Supplied information:
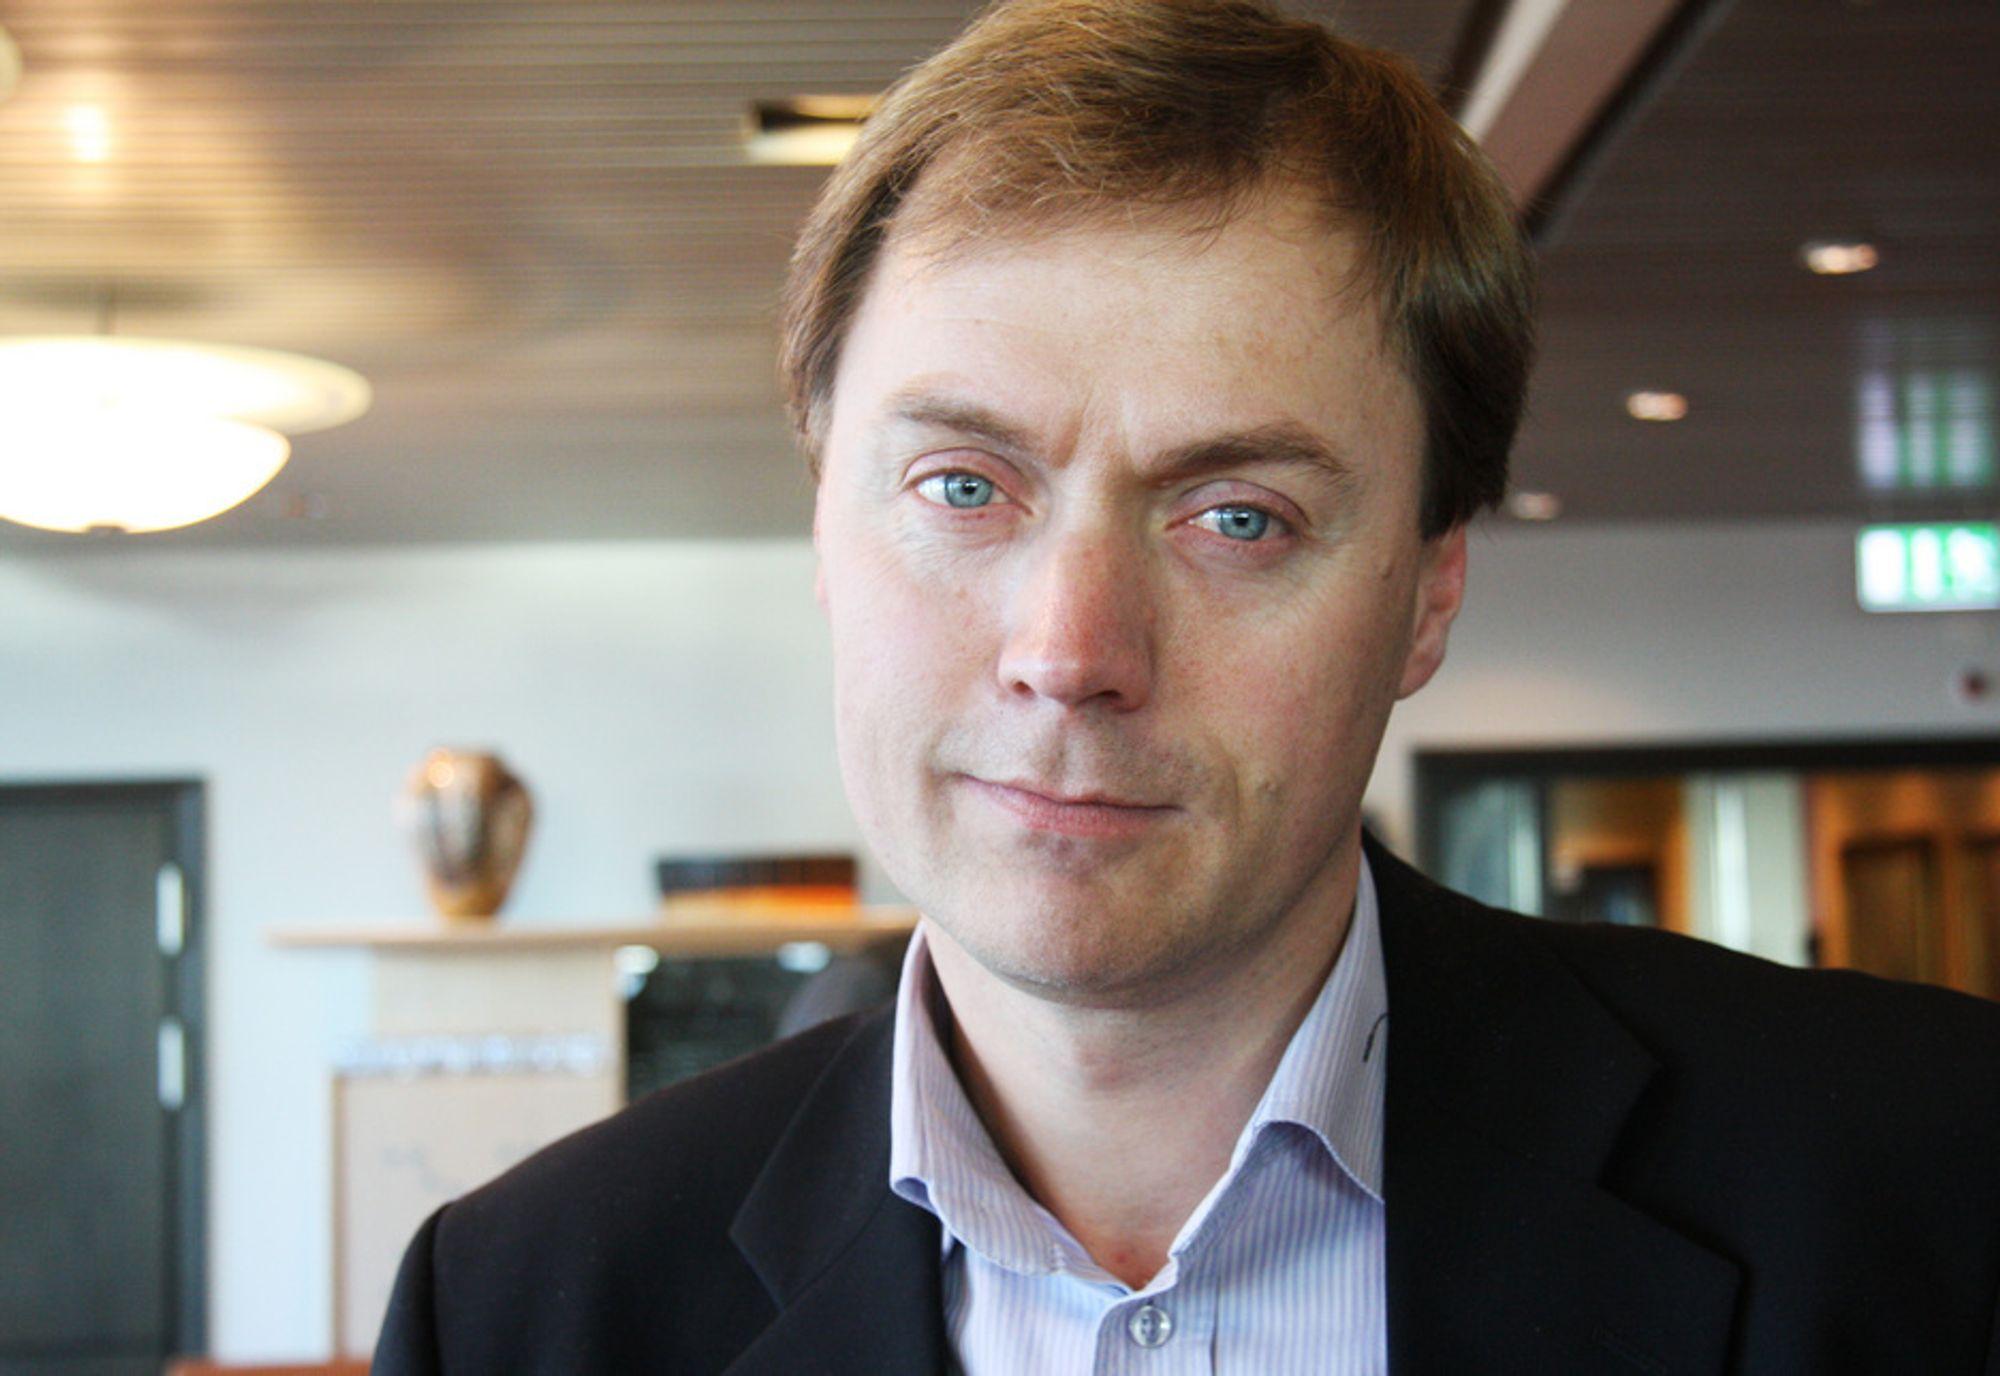 Knut Sunde i Norsk Industri mener Gripen hadde større potensiale, men at det ikke nødvendigvis betyr at JSF er noe dårligere valg.
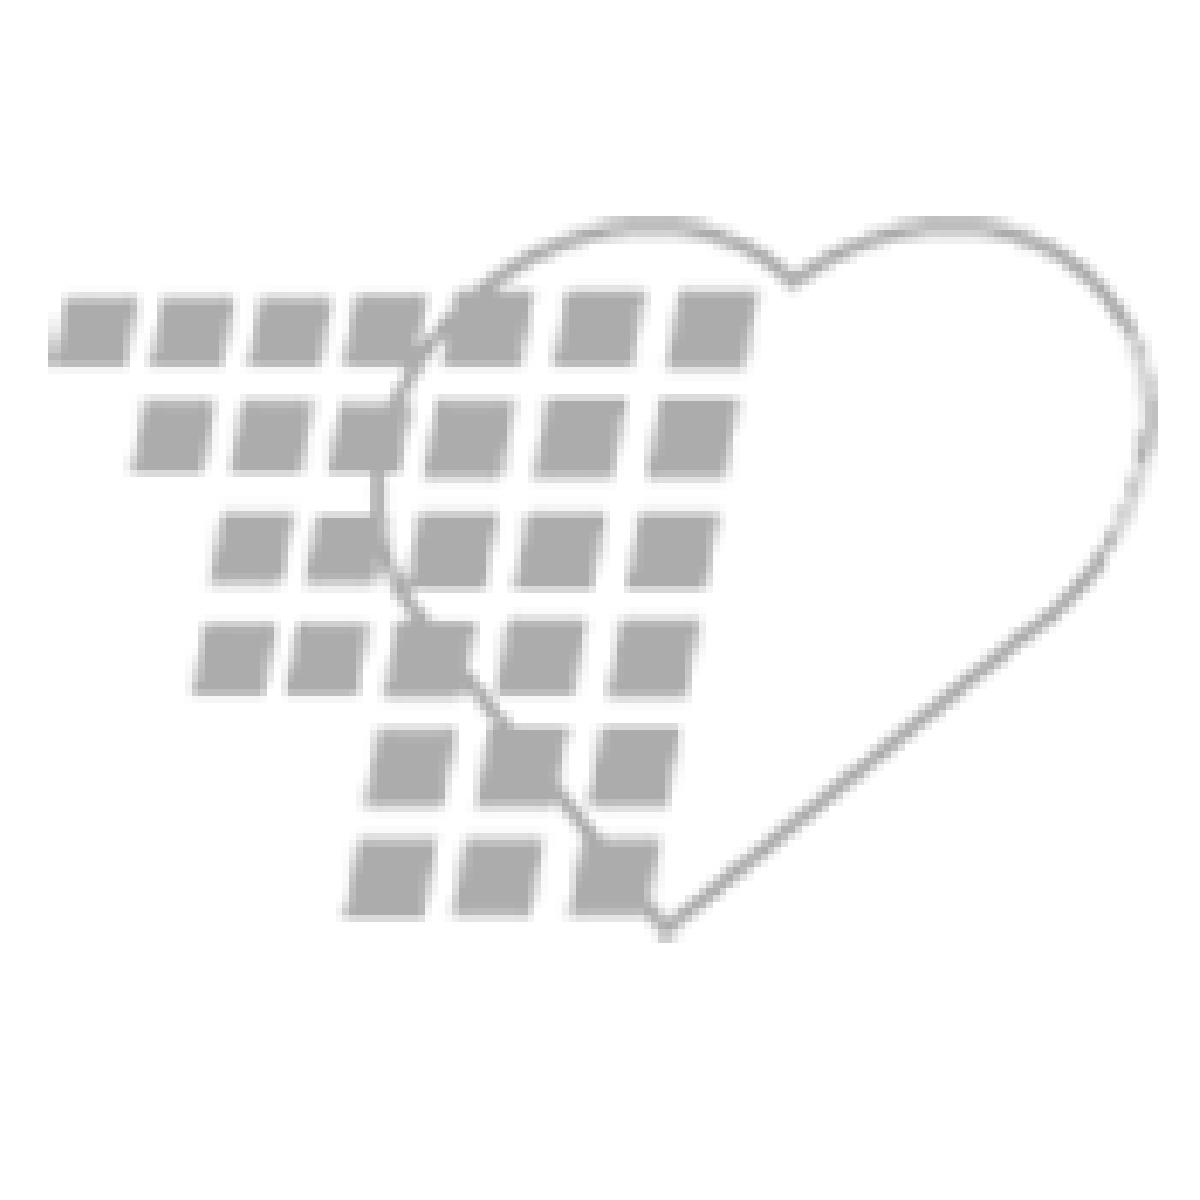 05-68-2939 - Nasco Nasco's Complete Cling Kit
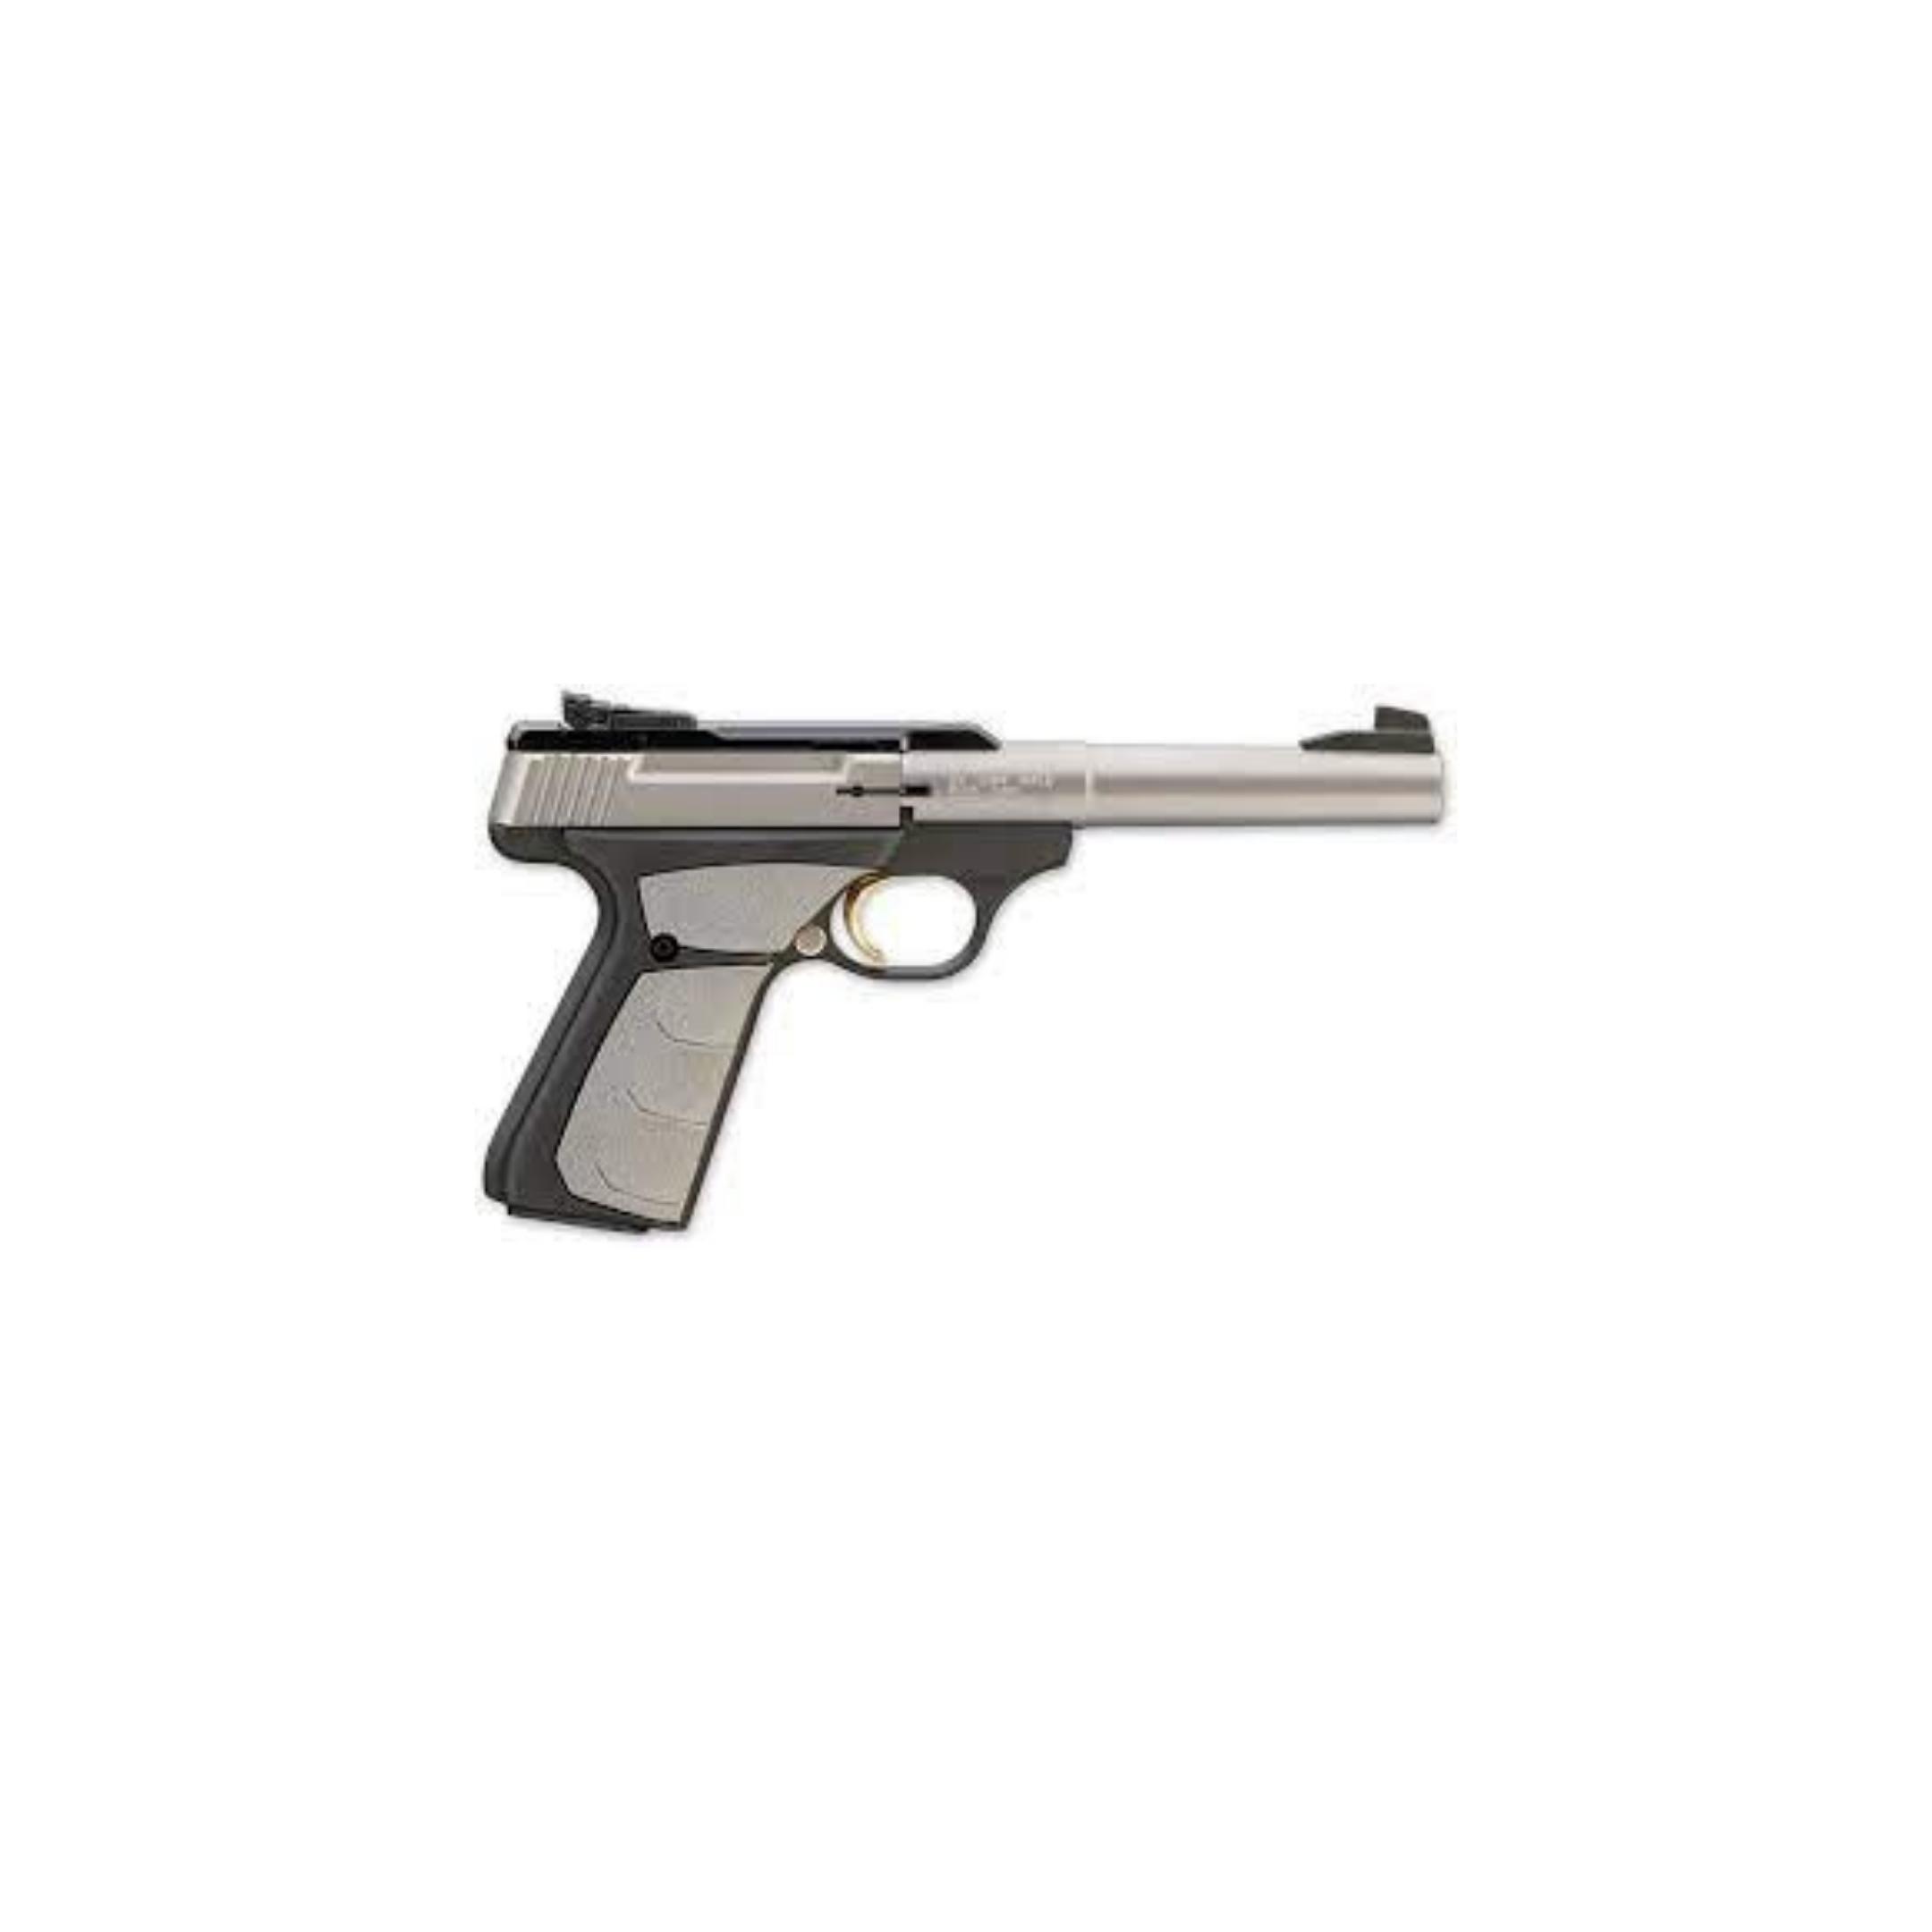 Pistolet Browning Buck Mark Camper S/S UFX kal. 22LR

Aim of the exercise: Word for word, reproduce all the data, but not the pictures.

Response to the exercise:
 Knut Sunde i Norsk Industri mener Gripen hadde større potensiale, men at det ikke nødvendigvis betyr at JSF er noe dårligere valg.
 05-68-2939 - Nasco Nasco's Complete Cling Kit
 Pistolet Browning Buck Mark Camper S/S UFX kal. 22LR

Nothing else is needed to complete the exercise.